115 Duration of order or requirements
  • (1) An order made under section 113 ceases to have effect with the close of the earliest of the following days:

    • (a) the last day of the period stated in the order or, if no period is stated in the order, the period of 6 months commencing with the date on which the order is made:

    • (b) the day (if any) on which the medical officer of health notifies the individual that the individual no longer poses a health risk:

    • (c) the day (if any) on which the Court cancels the order under section 120:

    • (d) the day (if any) on which the direction is cancelled on appeal under section 122 or 123.

    (2) A requirement imposed under section 114 by an order ceases to have effect with the close of the earlier of the following days:

    • (a) the day on which the order ceases to have effect:

    • (b) the day (if any) on which the medical officer of health notifies the individual that the requirement is no longer necessary to manage the health risk posed by the individual.

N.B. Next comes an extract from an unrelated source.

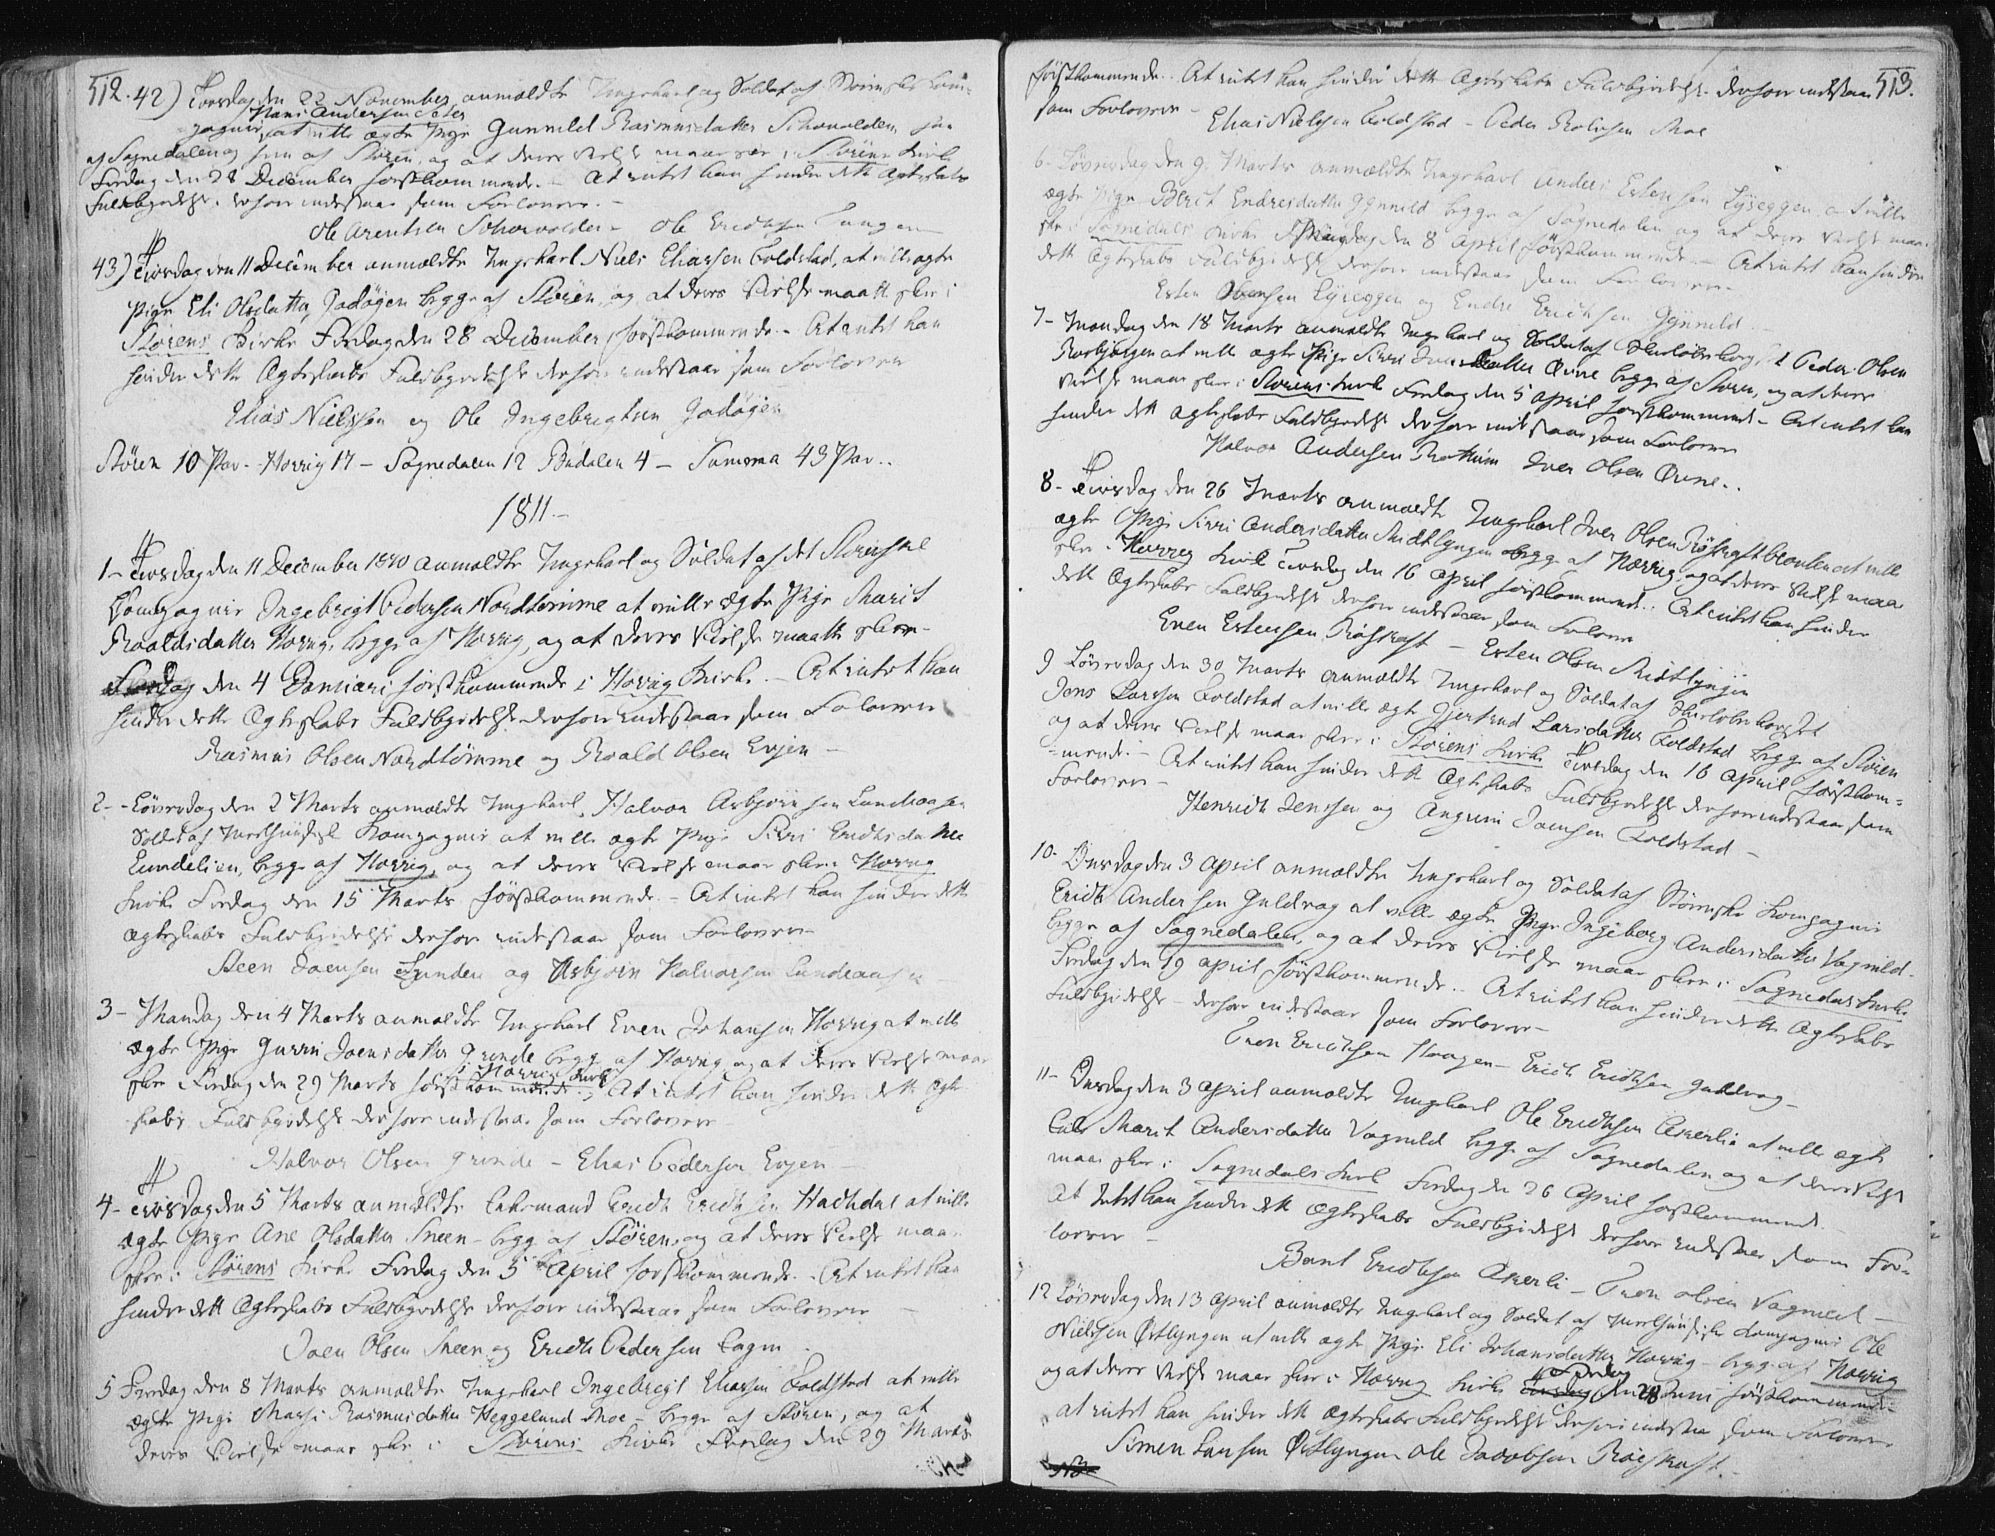 SAT, Ministerialprotokoller, klokkerbøker og fødselsregistre - Sør-Trøndelag, 687/L0992: Ministerialbok nr. 687A03 /1, 1788-1815, s. 512-513

    (3) The period stated in an order may not exceed 6 months.

    (4) If no period is stated in an order and the individual does not receive a notice of the kind described in subsection (1), the order has effect for 6 months.

116 Health risk order may be extended
  • (1) The Court may at any time, on the application of a medical officer of health, extend a health risk order made under section 113 for a period of not more than 6 months if the Court—

    • (a) is satisfied that the Court has jurisdiction to make a new order of the same kind in respect of the individual concerned; and

    • (b) considers it is desirable to do so.

    (2) The Court may extend an order on 1 or more occasions.

Medical examination orders and orders concerning contacts

117 Order for medical examination
  • (1) The Court may, on the application of a medical officer of health, make an examination order in respect of an individual if the Court is satisfied that—

    • (a) the individual may have a condition to which this Part applies (for example, because the individual is, or has been, in contact with a person who has a notifiable disease or other notifiable condition); and

    • (b) the individual’s medical practitioner, a prescribed person, or a medical officer of health has requested the individual to undergo, within a specified period, a medical examination to establish whether or not the individual has that condition and the individual has not undergone that examination within that period; and

    • (c) if the individual has that condition, the individual would pose a health risk.

    (2) The examination order must direct the individual to undergo specified whatever medical examinations the medical officer of health considers necessary to establish whether or not the individual has the condition concerned.

    (3) The examination order may also impose on the individual, until those examinations are completed, whichever 1 or more of the requirements stated in section 114(1)(b), (c), (h), and (i) that the Court thinks are necessary to prevent or minimise the health risk that the individual may pose.

    (4) The Court may impose any requirement referred to in subsection (3) subject to any conditions or restrictions that the Court thinks appropriate.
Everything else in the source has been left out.